# ant problem



## anandcholli (Feb 8, 2010)

Hi all,

I've two young Indian fantail female pigeons from almost a month now. I keep them in a spacious wooden box with some food and water all the time. 

Recently I've noticed that few medium sized red ants say some 8-10 in numbers always roam in and around the boxes. My pigeons are not even bothered about them and always look quite comfortable but I'm little worried. I don't want to kill but to get rid of them.

Help!


----------



## M Kurps (Mar 19, 2009)

Do you have any D.E. for swimming pool filters ?
Kurps


D. E. = Diatomacious Earth


----------



## anandcholli (Feb 8, 2010)

Nope I dont have one


----------



## sreeshs (Aug 16, 2009)

Sweep the ants from the inside and put some turmeric powder around the wooden box. Keeping food inside the box all time is not advised, one thing is that it can get contaminated with the poops, second its open invitation for not only ants, but rats and raccoons


----------



## anandcholli (Feb 8, 2010)

Ok Thanks guys ... 

I'll try and let you know if that works


----------



## M Kurps (Mar 19, 2009)

Crushed Lime (garden lime) from Home Depot,Lowe's ... would work if you sprinkle it around the entire border of the floor of the box. Sprinkle it around the outside of the box also (underneath). Let us know how it works.
Kurps


----------



## anandcholli (Feb 8, 2010)

Sure M Kurps ... I'll try that. Tx.


----------



## Charis (Feb 11, 2007)

Ants are very damgerous to your birds.

http://www.pigeons.biz/forums/f6/had-a-bad-thing-happen-here-today-28655.html


----------



## anandcholli (Feb 8, 2010)

That was really heart breaking. 

This morning I fully cleaned the box and even removed the food. Hmm in the evening, there was not even a single ant in the box . Now I'm planning to clean the box everyday.


----------



## valeri (Sep 6, 2009)

If you use D.E. (diatomaceous earth) -- don't use the swimming pool variety. It is not safe for people or pets.

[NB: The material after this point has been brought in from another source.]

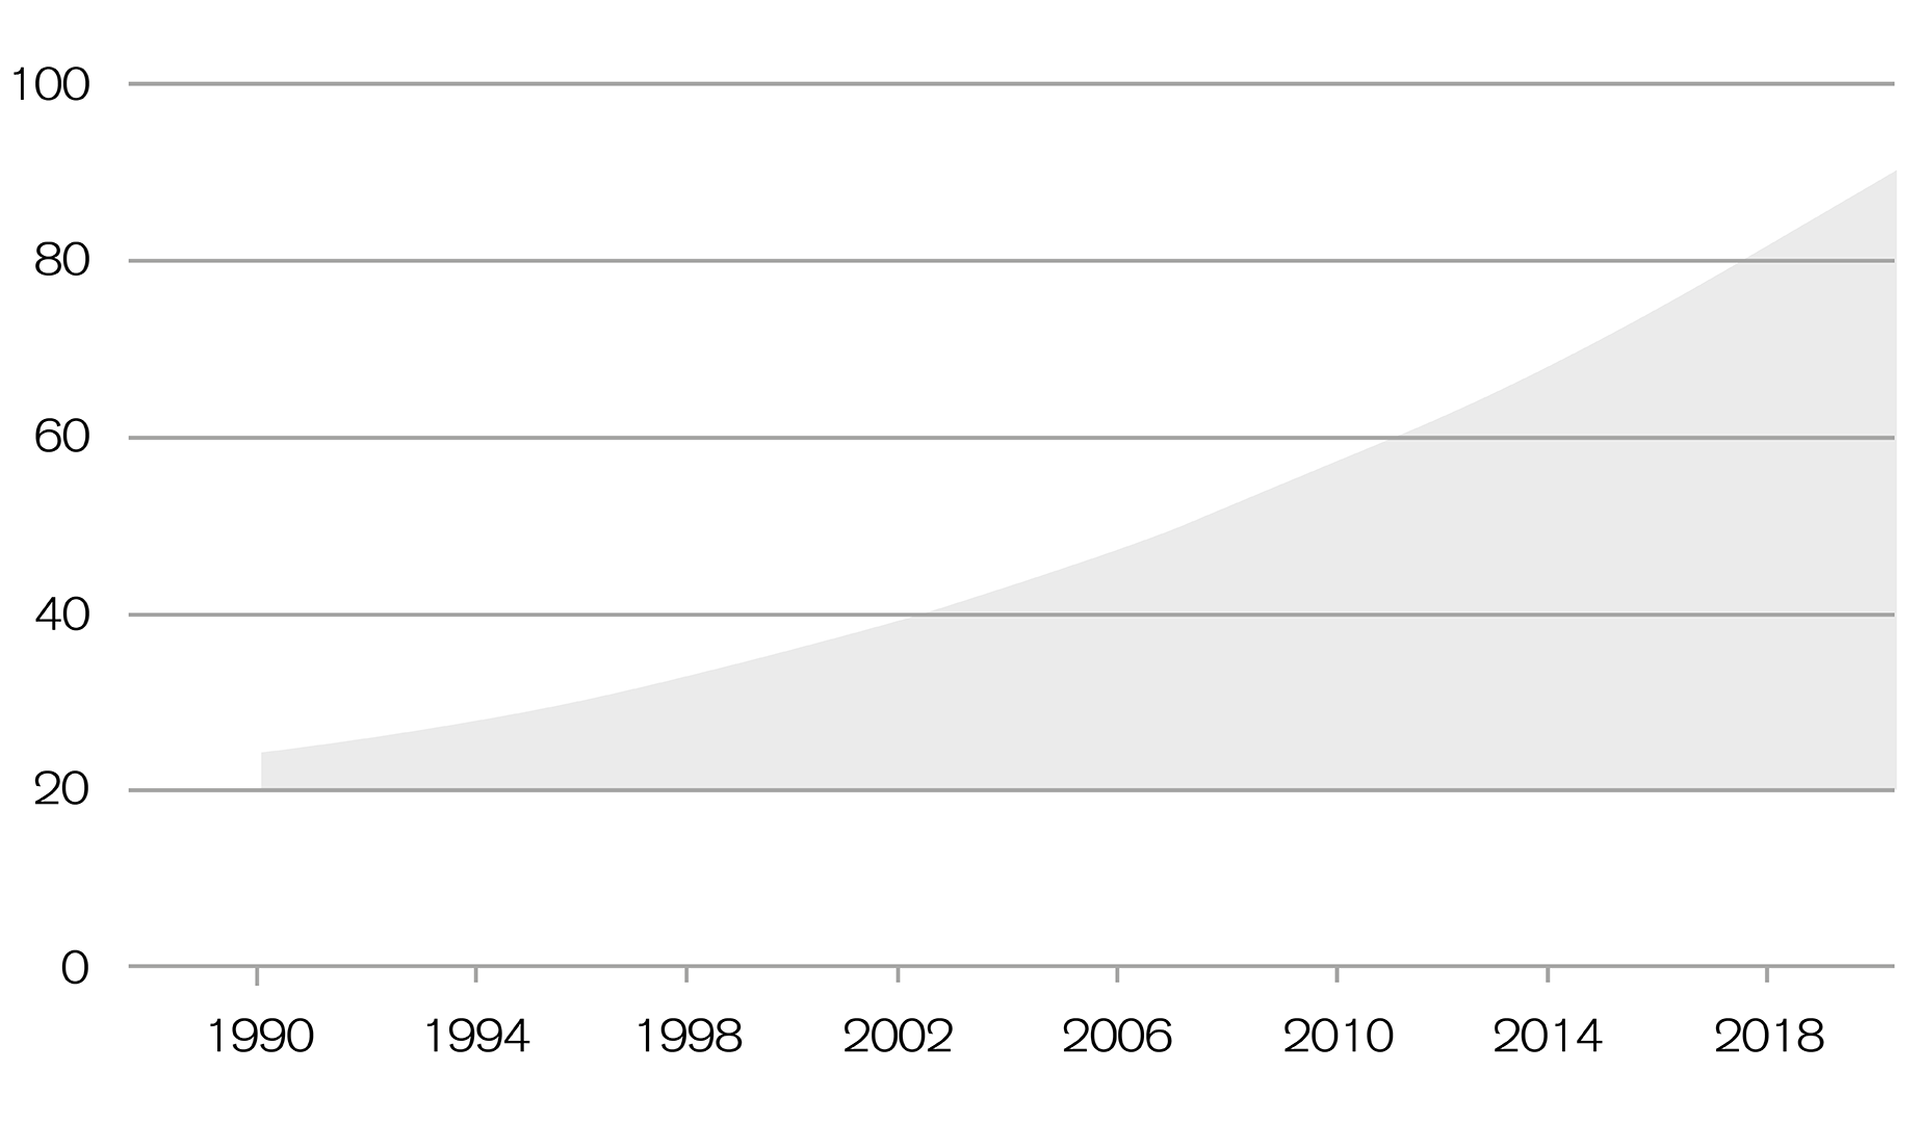 In Svizzera le eredità sono quintuplicate rispetto al 1990

Buy food-grade D.E. online, or locally in some nurseries. And because D.E. can be inhaled, just be cautious when sprinkling it.

That being said, I use it all of the time for ants (not pigeon related) and it works very well.


----------



## Chilangz (Apr 3, 2008)

hey Anand,

Cleaning daily is advisable, but try some turmeric powder, its natural and should help.
Good to see that the feed is kept outside the box........


----------



## Pawbla (Jan 6, 2009)

They are there for the seeds. Try to find the ant colony (just follow an ant or two, they'll take you there) and poison them. That's what I do.


----------



## sreeshs (Aug 16, 2009)

I won't suggest poisoning them, all these things can live side by side. I have regular visits from red ants, they come in group of 6 or 8 check up the place, take some grains and leave off. Their colony is at the corner of my compound wall but I never had a problem.


----------



## anandcholli (Feb 8, 2010)

I'm cleaning the pigeon box everyday ... and feed my pigeons outside. So, no ants noticed inside the box.


----------



## soymi69 (Nov 12, 2007)

You can use Permectrin, or go to home depot and buy ant granules, this is good stuff, some of the ants will bring it to their nest and kills the rest of the colony. Just make sure it is away from other animals, borax powder is good to, just sprinkle around where you think ants will climb and your problem will go away.


----------



## Pawbla (Jan 6, 2009)

I get problems from the ants because they also eat my plants. So I started just killing every ant collony, or if not I'll wake up with half a plant eaten by them. Same with snails, although I feel a bit worse for those. Not for ants, I doubt they have any kind of conscience. They just work for their queen and nothing else. Kind of a weird species if you ask me.

Great you didn't find any more ants


----------